Saturday, July 21, 2012

Hot Pepper Vinegar

What do you get when your garden has the following pepper plants?

Part of a morning's pepper harvest
two habaneros
two jalapeno
two hot chili peppers
two Carribean hots
two long thin cayenne
two sweet bananas

Answer: about 12 pounds of peppers... so far.

Interestingly enough, it is not easy to get people to accept care packages of the habaneros... lovely things though they are ... and they are most beautiful. Everyone wants the sweet banana peppers.

So, most of the hot peppers are getting rinsed, dried, and stuffed inside a freezer bag where they now take up about half of my freezers acreage. We had to do something with them so I made some hot pepper vinegar! It's easy and you can use it on any food you would sprinkle with Tabasco. There is simply no need to make bunches of the stuff unless you plan to gift people with these with the understanding that most will not ever sample the goodness, but will instead place them in the kitchen as a decorative item.

What you need to get:

2 clear glass oil and vinegar containers that have a nice seal or can be capped (thought nice canning jars are fine, but they are so wide mouthed it would be difficult to get just a dribble at a time)
about two cups or so of white distilled vinegar
a bunch of hot peppers in a variety of colors
cloves of garlic
a pair of thin cheap disposable gloves
a funnel

How to prep:

Clean the containers either in a dishwasher, by boiling them, or in super hot sudsy water (I did the latter and added a pot full of boiling water to the dish pan as the containers soaked. Rinse and dry.

Pour the vinegar into a medium sized pot. Set it on the stove.

Put on the gloves. Rinse the peppers well. Slice off the stems. Make a slit from top to bottom but leave them whole. If they will be too big to fit into the opening of the container, cut them in half, but they are prettier when left whole so consider looking for a container with a large enough opening.

Peel the garlic cloves. Leave them whole... or cut in half, but don't cut them small.

How to assemble:

With the gloves still on, stick the peppers and garlic into the containers. Alternate colors of peppers - red, yellow, green. Add a garlic clove every now and then. Stuff those bottles full. Dispose of the gloves. Wash hands well.

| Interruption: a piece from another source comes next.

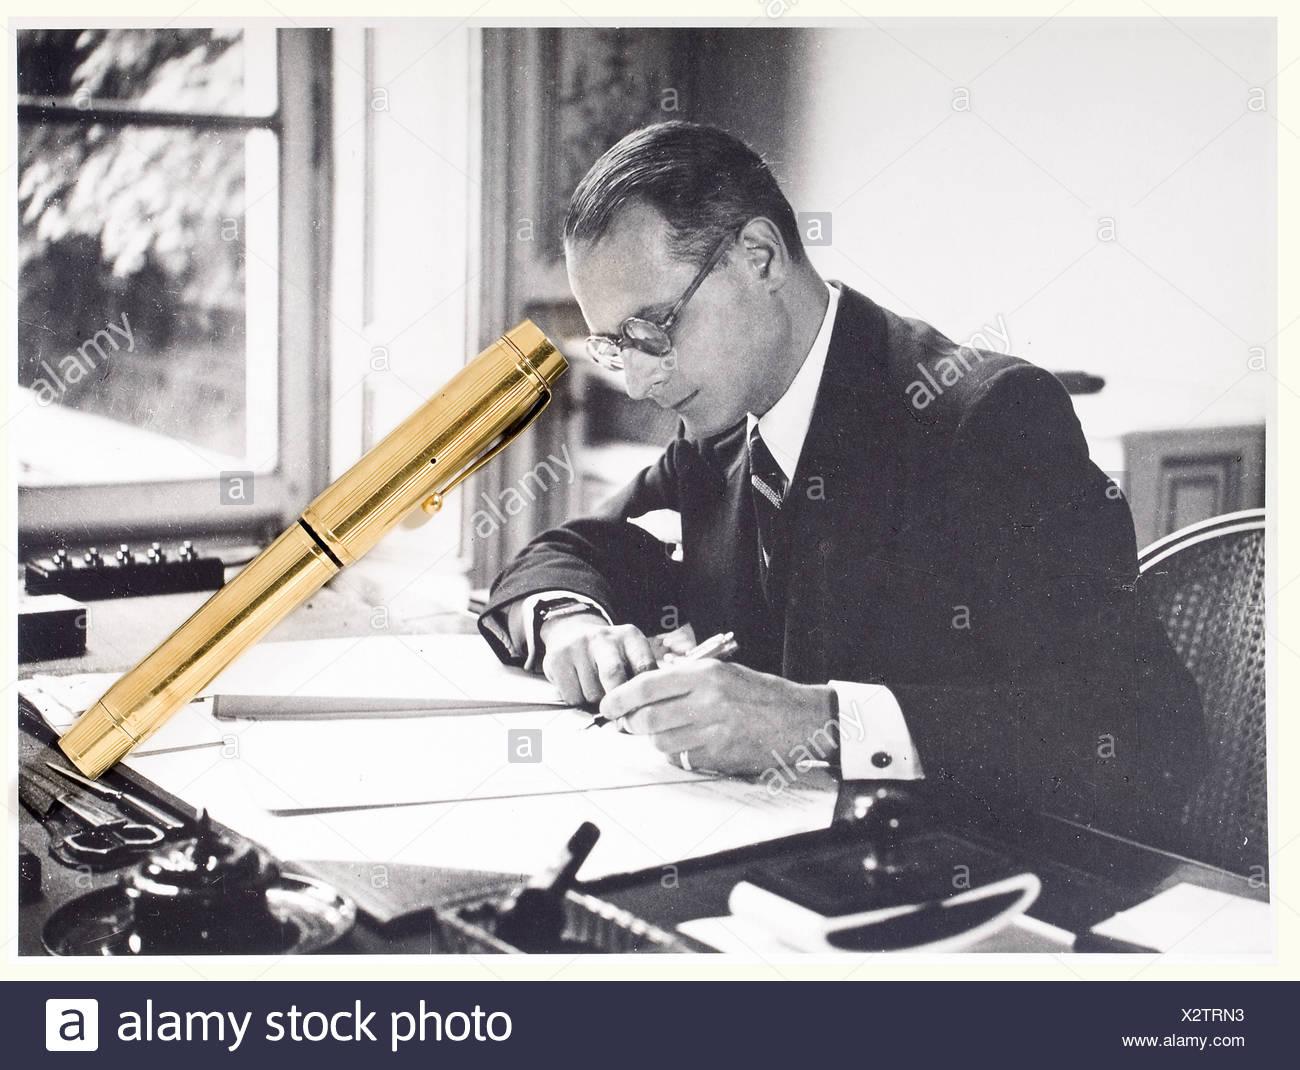 Jacques Benoist-Méchin - stylo plume en or, lui ayant appartenu. Modèle à pompe, poinçons de contrôle sur le corps du stylo. Joint deux photos montrant Jacques Benoist-Méchin avec ce stylo. people, 20th century, object, objects, stills, clipping, clippings, cut out, cut-out, cut-outs, man, men, male, Additional-Rights-Clearances-NA Stock Photo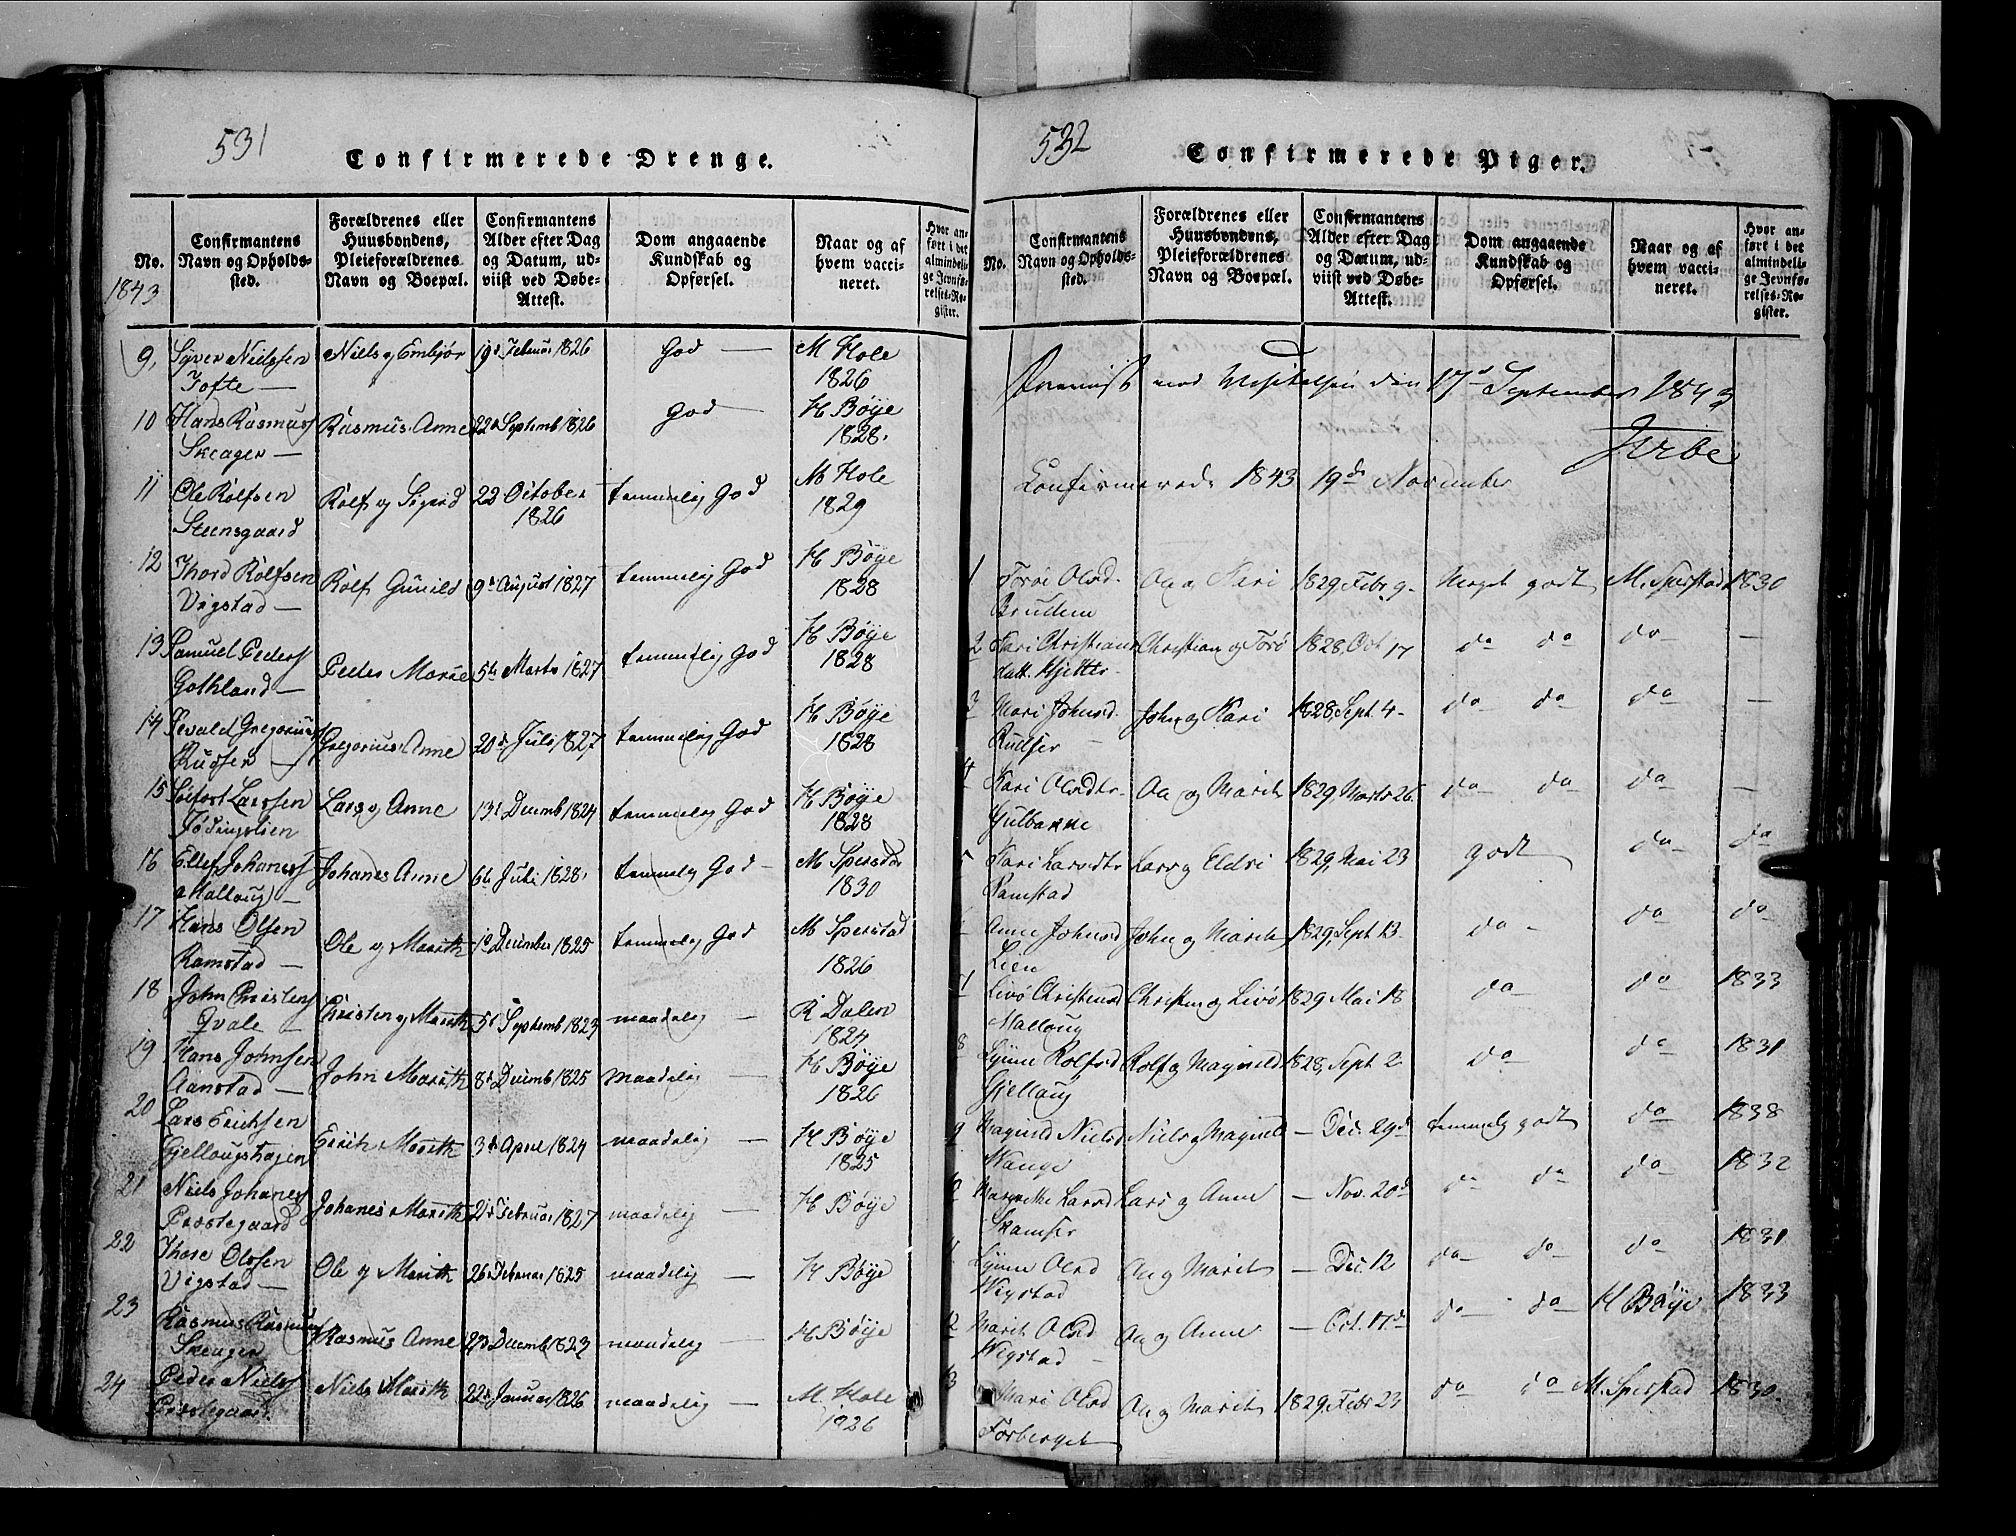 SAH, Lom prestekontor, L/L0003: Klokkerbok nr. 3, 1815-1844, s. 531-532

Boil the vinegar. Using the funnel, pour the vinegar into the containers. Do this very mindfully as I do not want any of you to burn yourselves with boiling vinegar. Take great care, ok?

Fill only to about a quarter inch of the top. Carefully tap the bottles every now and then. This will help the vinegar get inside the peppers. You'll notice the vinegar level drop in a few minutes. Funnel in more vinegar to raise it to the same level as before. Repeat until the vinegar level stays constant.

The finished sauce!
Allow to cool. Seal and put in your pantry. 

After a day or so you can start to sample. Depending on what kind of peppers you used and your tolerance to hot stuff, be very careful when you taste. A drop at a time and upward is better than a serious dosing and a flame on mouth.

24 Hours later, we had green beans for dinner. I put a teensy bit of Hot Pepper Vinegar into a bowl and we all touched a green bean to the vinegar and tasted. I used mostly habaneros in our bottle with a dashing of jalapeno, chili, and cayenne. On a scale of 1-10, the sauce was an 11 and totally delicious. 


7 Days later, we had a fajita grill out for dinner. I put a teensy bit of Hot Pepper Vinegar into a bowl and we all dipped shrimp into the vinegar and tasted. On a scale of 1-10, the sauce was only a 3 with a sustained warmth that was very pleasing and a nice flavor that very much appealed.

I've seen other recipes note that the bottles should be kept out of direct sunlight and it makes sense, so do that. If at any time the vinegar looks a little cloudy or the peppers look funky, dispose of it. You probably have about a million more peppers in the freezer so just make up a new batch.

Enjoy this sauce on simple vegetables (it rocked the green beans), chili, tacos, or just about anything you want to zap with a dose of heat.